Reputation: 57
I am a regex beginner and I have been practicing by going through a problem on this website. I am given the following text:
Fedora Core ftp
Fedora Extras http ftp rsync
ftp://ftp7.br.FreeBSD.org/pub/FreeBSD/ (ftp)
ftp://ftp3.de.FreeBSD.org/pub/FreeBSD/ (ftp)
ftp://ftp.is.FreeBSD.org/pub/FreeBSD/ (ftp / rsync)
ftp://ftp4.jp.FreeBSD.org/pub/FreeBSD/ (ftp)
ftp://ftp.no.FreeBSD.org/pub/FreeBSD/ (ftp / rsync)
*
ftp://ftp3.no.FreeBSD.org/pub/FreeBSD/ (ftp)
ftp://ftp.pt.FreeBSD.org/pub/FreeBSD/ (ftp)
ftp://ftp1.ro.FreeBSD.org/pub/FreeBSD/ (ftp / ftpv6)
ftp://ftp3.es.FreeBSD.org/pub/FreeBSD/ (ftp)
ftp://ftp2.tw.FreeBSD.org/pub/FreeBSD/ (ftp / ftpv6 / http / httpv6 / rsync / rsyncv6)
ftp://ftp6.uk.FreeBSD.org/pub/FreeBSD/ (ftp)
ftp://ftp6.us.FreeBSD.org/pub/FreeBSD/ (ftp / http)
sunsite.informatik.rwth-aachen.de [ftp] [http] Rheinisch-Westfälische Technische Hochschule Aachen
lame.lut.fi [http] Computer Club Ruut (Finland)
1 Gbits/sec IPv4 and IPv6
FR Fedora Mirror ftp.proxad.net
US distro.ibiblio.org jungle.metalab.unc.edu
Fedora Core ftp
ftp://ftp.FreeBSD.org/pub/FreeBSD/ (ftp)
ftp://ftp11.FreeBSD.org/pub/FreeBSD/ (ftp)
ftp://ftp14.FreeBSD.org/pub/FreeBSD/ (ftp)

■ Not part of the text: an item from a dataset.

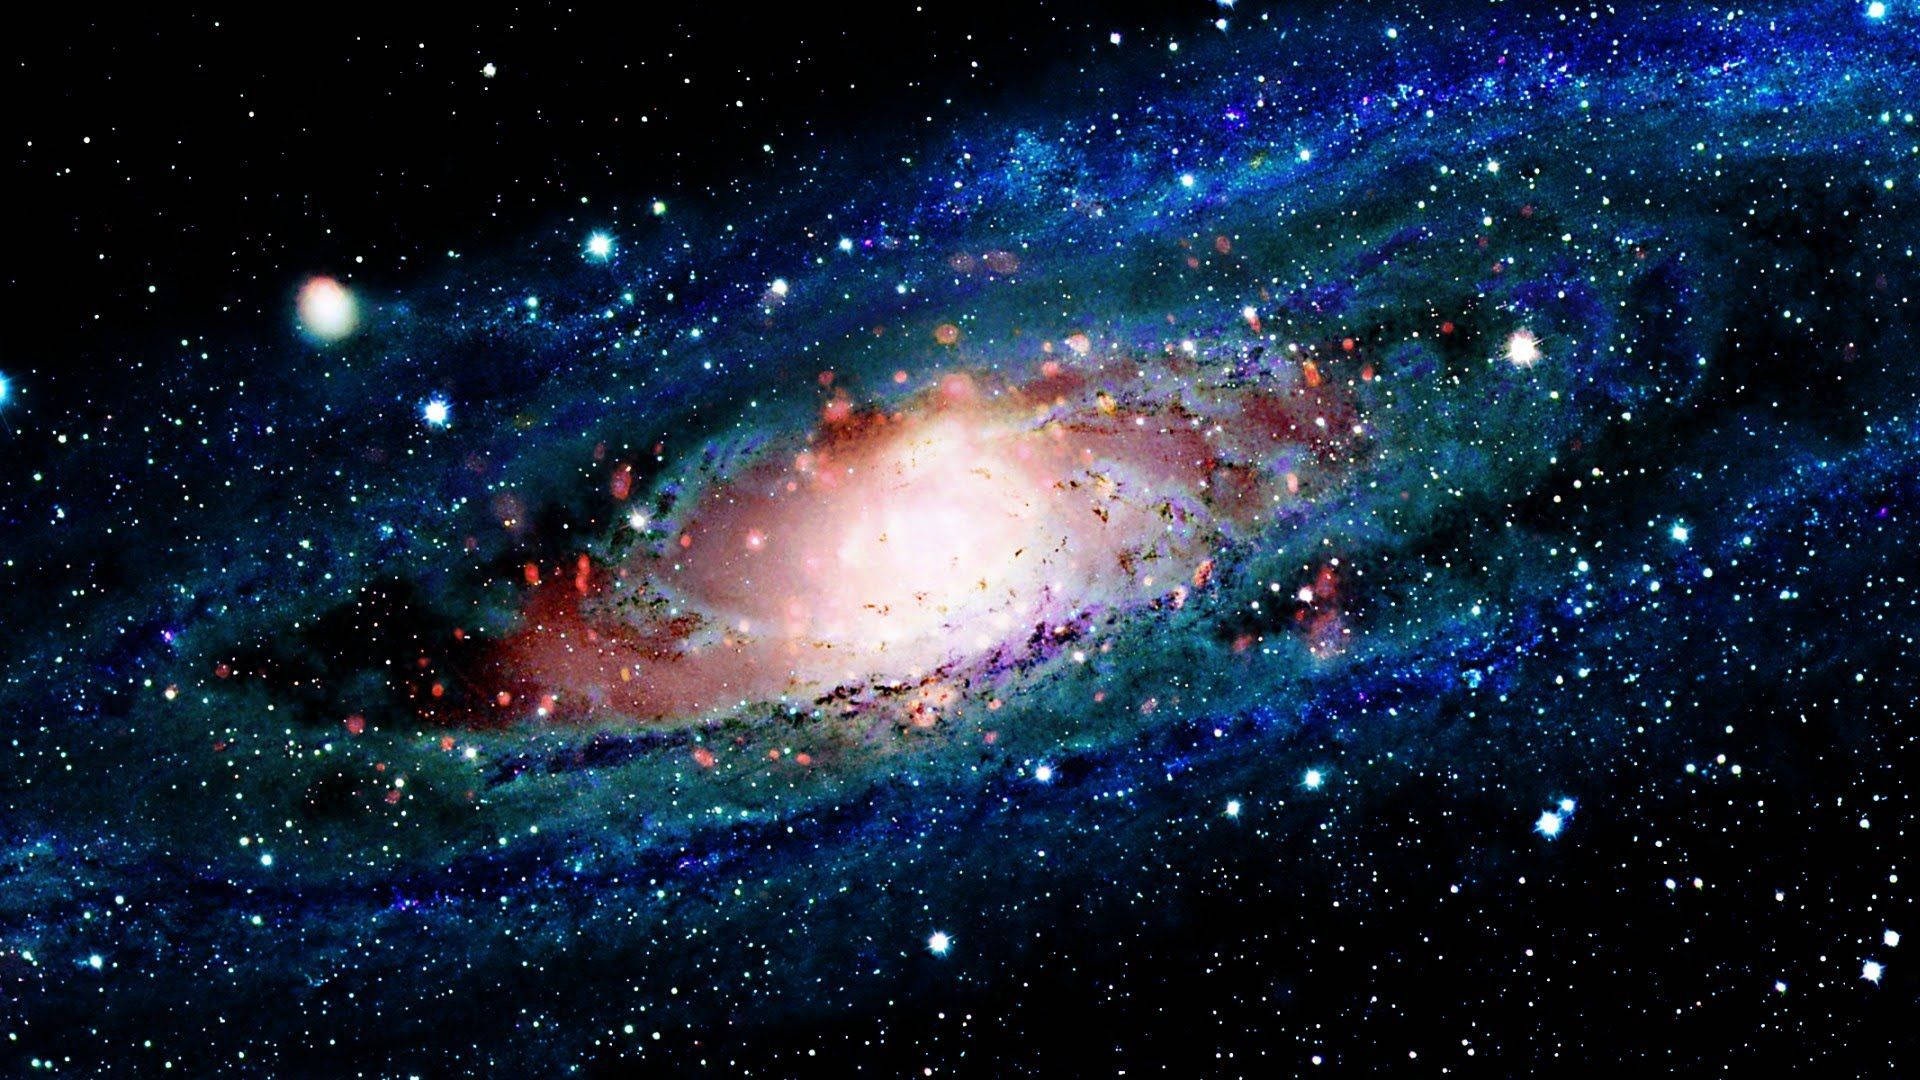 4k Ultra Hd Galaxy Wallpaper Images

ftp://ftp.ar.FreeBSD.org/pub/FreeBSD/ (ftp)
ftp://ftp3.au.FreeBSD.org/pub/FreeBSD/ (ftp)
In case of problems, please contact the hostmaster <[email protected]> for this domain.
ftp://ftp4.br.FreeBSD.org/pub/FreeBSD/ (ftp)
ftp://ftp.hr.FreeBSD.org/pub/FreeBSD/ (ftp)
ftp://ftp.cz.FreeBSD.org/pub/FreeBSD/ (ftp / http / rsync)
ftp://ftp.il.FreeBSD.org/pub/FreeBSD/ (ftp / ftpv6)
ftp://ftp7.jp.FreeBSD.org/pub/FreeBSD/ (ftp)
*
ftp://ftp7.ua.FreeBSD.org/pub/FreeBSD/ (ftp)
ftp://ftp11.ua.FreeBSD.org/pub/FreeBSD/ (ftp)
I need to extract all ftp addresses, so lines starting with ftp and ending with FreeBSD. I have been able to extract some, with this regex:
ftp://ftp\d\d?.\w\w.FreeBSD.org/pub/FreeBSD/
But many do not extract, e.g. ftp://ftp14.FreeBSD.org/pub/FreeBSD/ . There is no answers, please let me know what my expression is missing so I can improve. Thank you.
Upvotes: 2
Views: 98
Reputation: 89547
It seems you are trying to extract all urls with the domain: "FreeBSD.org" following with the path: "/pub/FreeBSD/".
I suggest:
\bftp://[A-Za-z0-9.]*\bFreeBSD\.org/pub/FreeBSD/
Note that the dot needs to be escaped outside a character class but not inside.
Upvotes: 3
Reputation: 27723
This expression might simply extract those desired FTPs:
ftp://\S*/FreeBSD/
If you wish to explore/simplify/modify the expression, it's been explained on the top right panel of regex101.com. If you'd like, you can also watch in this link, how it would match against some sample inputs.
Upvotes: 2
Reputation: 31
Look at this:
ftp://ftp(\d{0,2}.\w{0,2})?.FreeBSD.org/pub/FreeBSD/
Think what is constant and what changes in your ftp addresses. Beginning is always same. Then you can have 0-2 digits after ftp, followed by a dot, optionally followed by a two-letter (country code?)(so make it optional).
And then you have one at least where you have no country code and no numbers after ftp. So just make it optional (using ?). The rest is always constant, i.e. .FreeBSD.org/pub/FreeBSD/
. Hope this helps.
Upvotes: 3